- Source data:
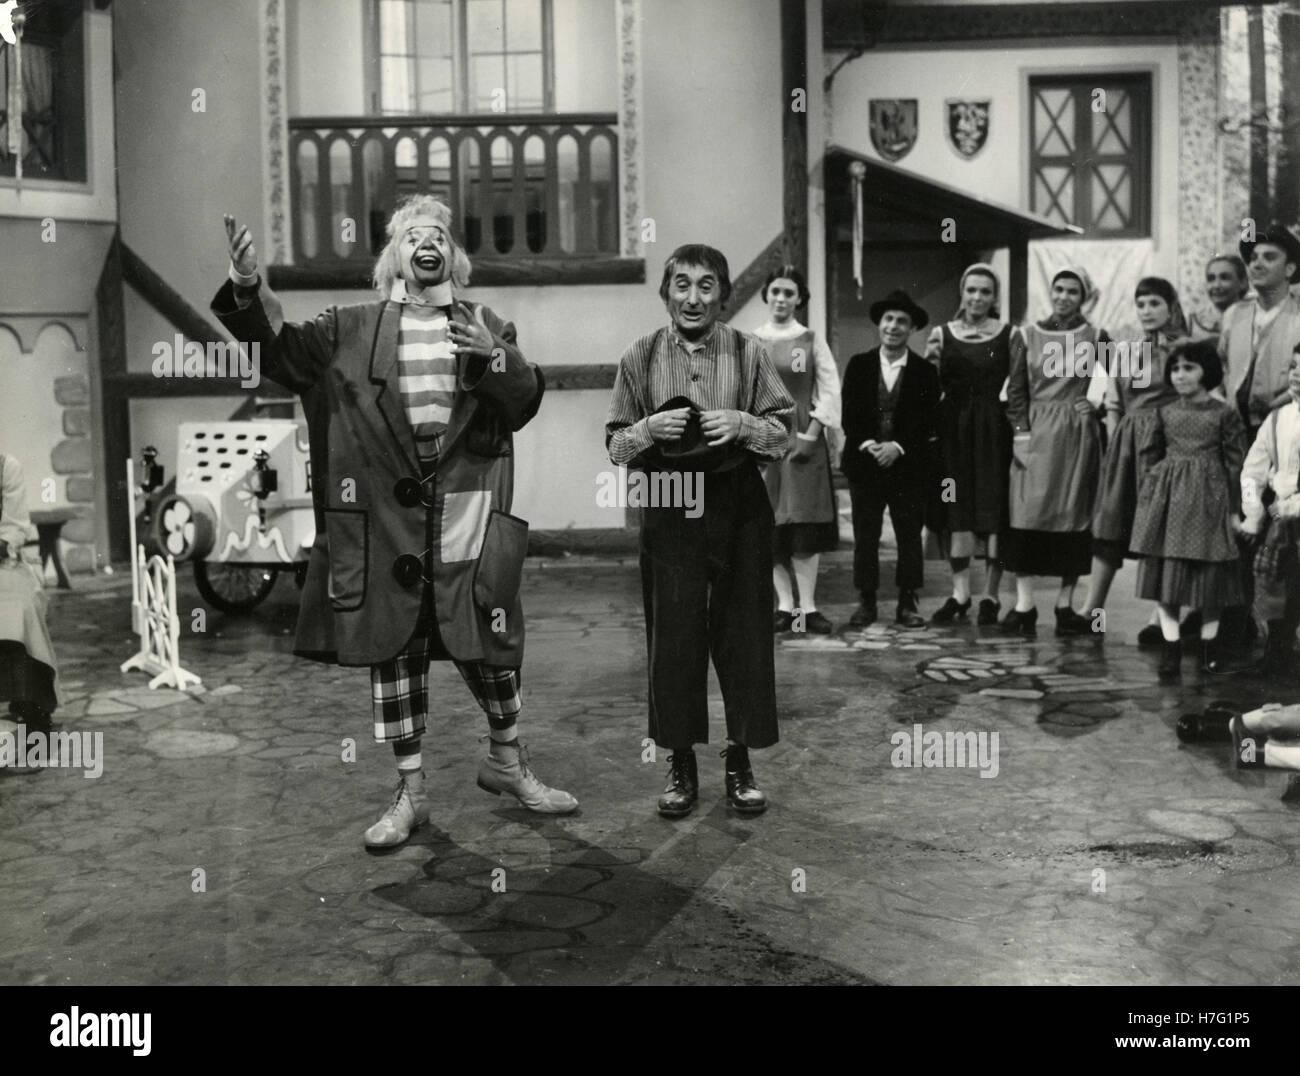 Italienischer Schauspieler Nino di Napoli in der TV-Fiktion Fred Buonumore, Italien 1968 Stockbild
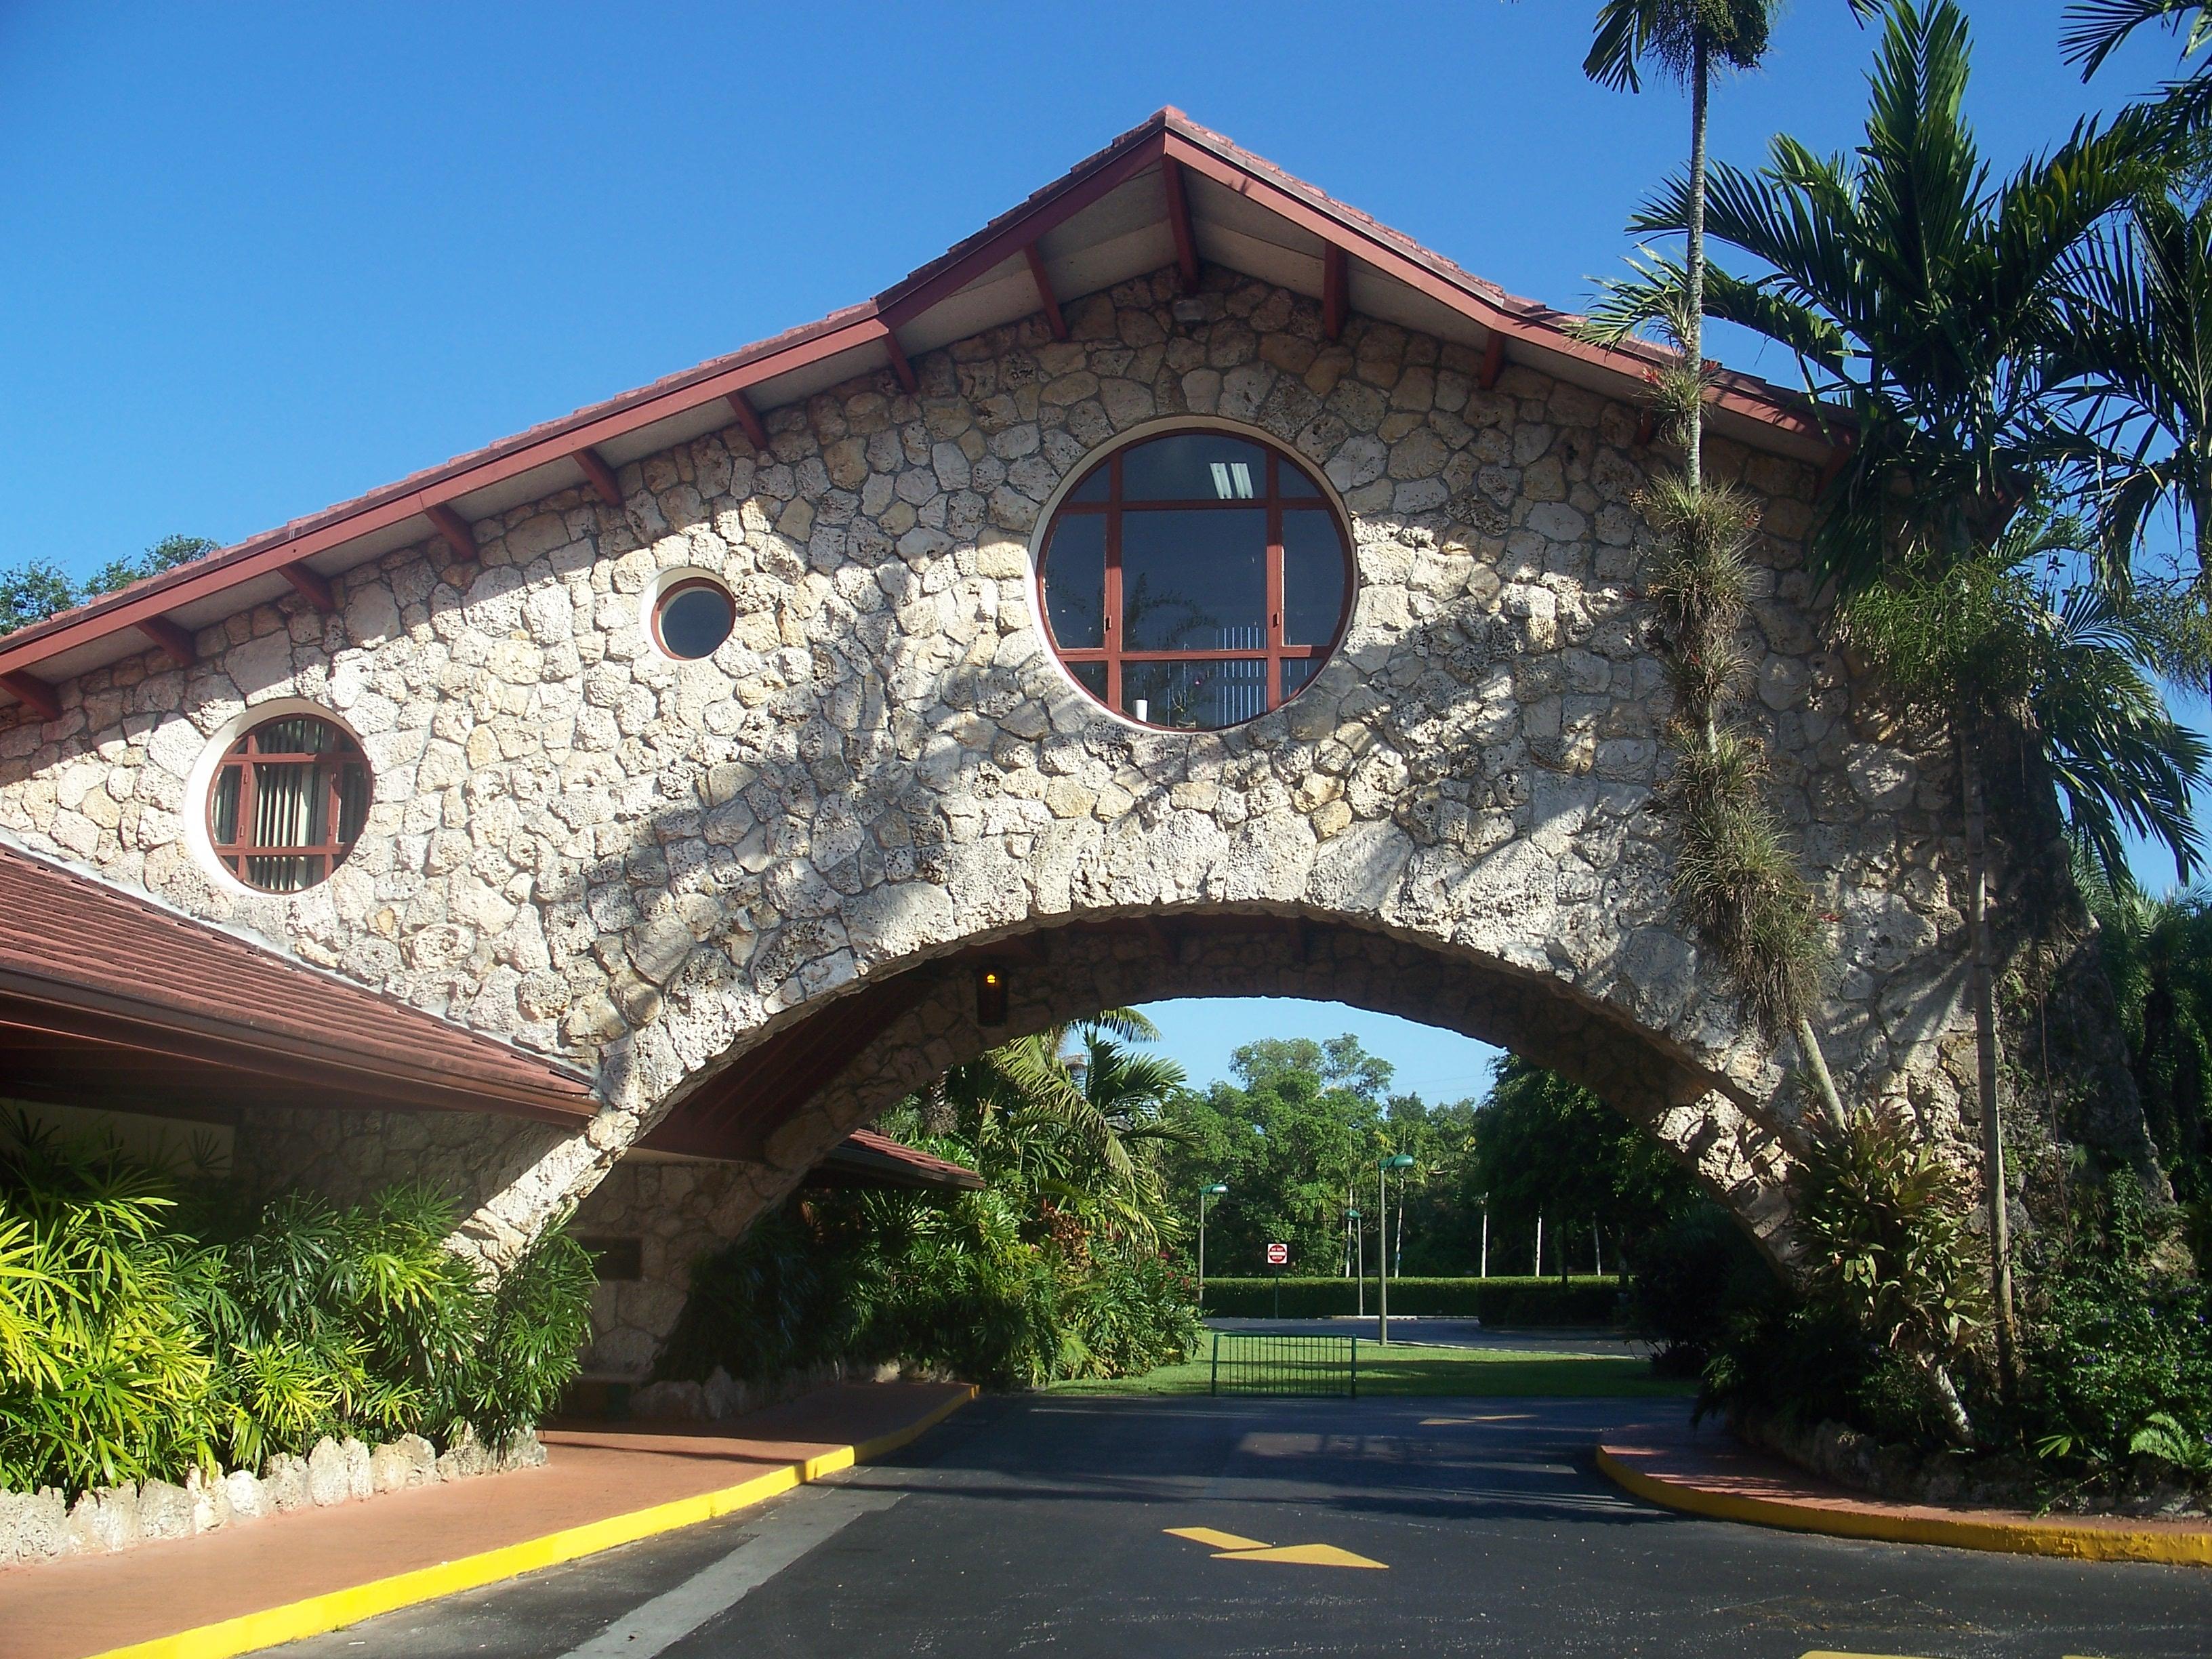 Park Miami Gardens File:pinecrest Gardens fl Park
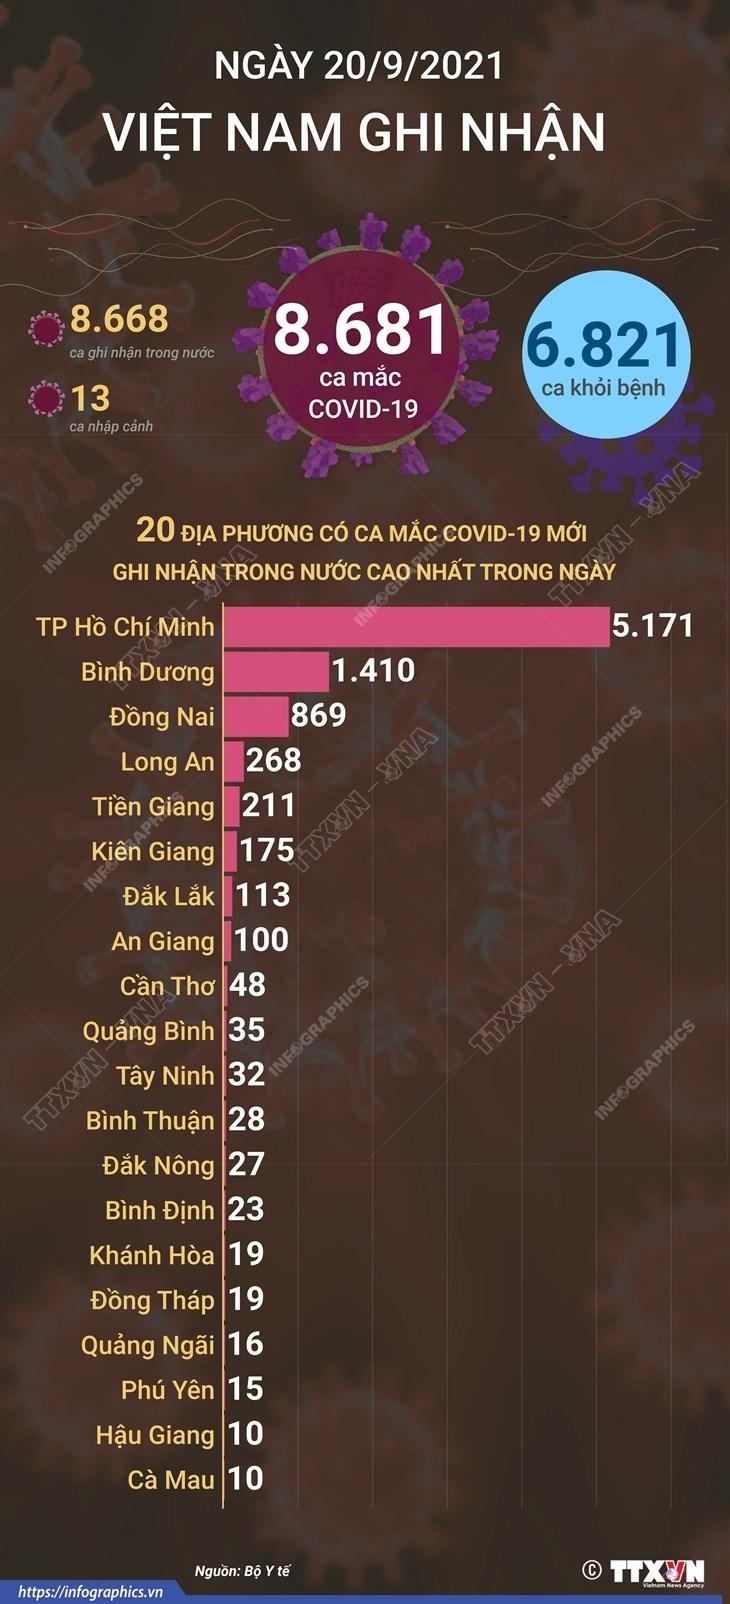 Ngay 20/9, Viet Nam co 8.681 ca mac COVID-19 va 6.821 ca khoi benh hinh anh 1
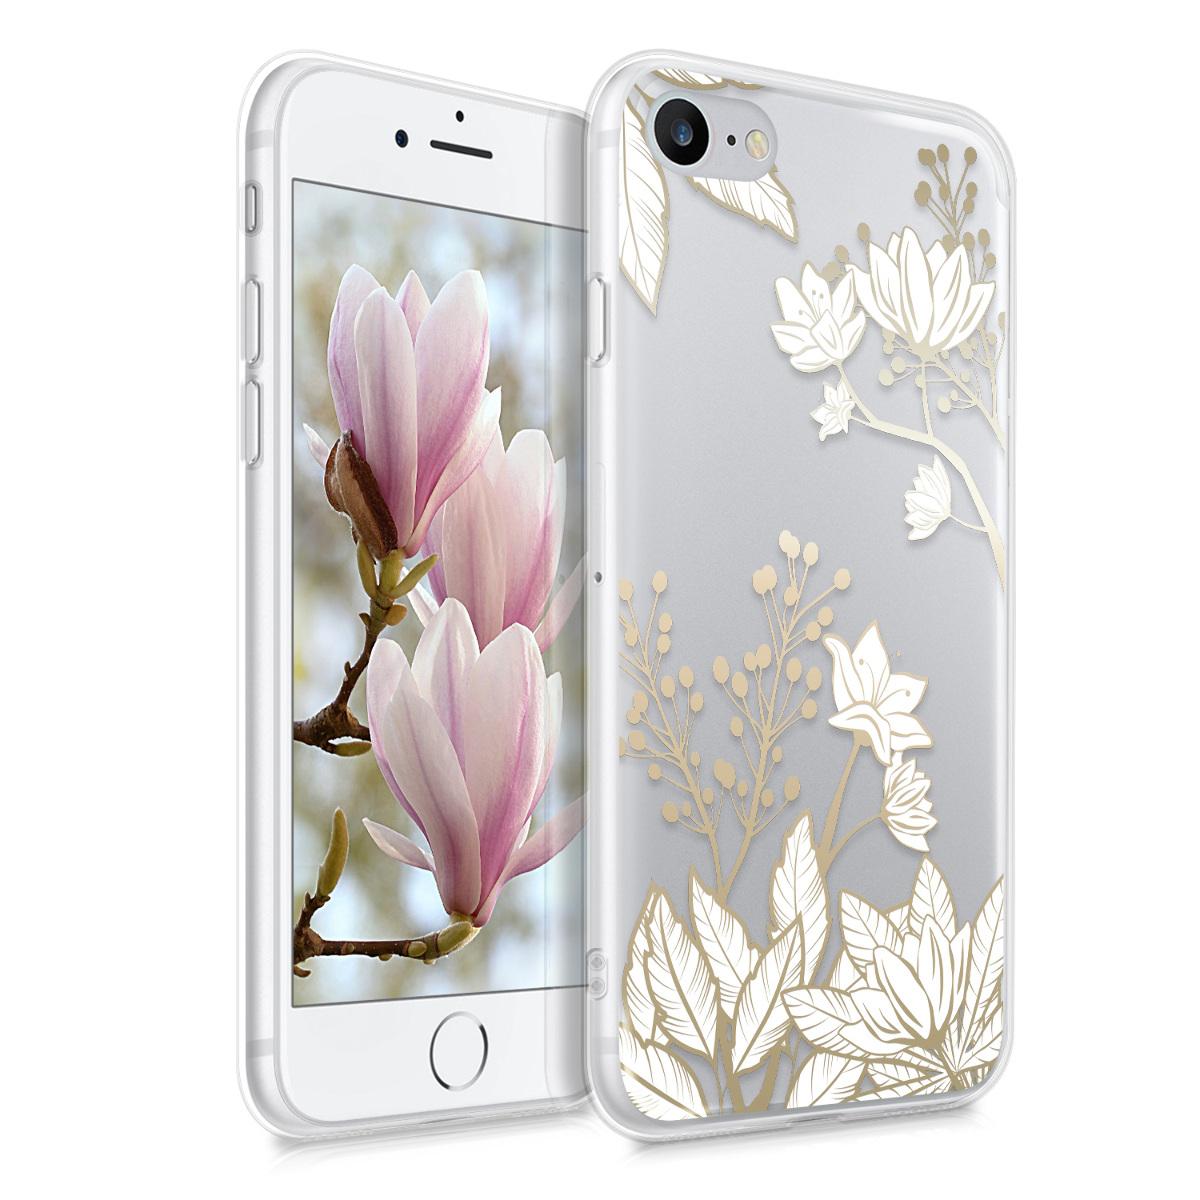 Kvalitní silikonové TPU pouzdro pro Apple iPhone 7 / 8 / SE  - Floral Leaf Mix Gold | White | Transparent

- What to do: The required answer is an exact copy of the lines from the one containing "Park Miami Gardens" through the last line of the material, with the pictures removed.

- Answer box:
 Park Miami Gardens File:pinecrest Gardens fl Park
 Ngay 20/9, Viet Nam co 8.681 ca mac COVID-19 va 6.821 ca khoi benh hinh anh 1
 Kvalitní silikonové TPU pouzdro pro Apple iPhone 7 / 8 / SE  - Floral Leaf Mix Gold | White | Transparent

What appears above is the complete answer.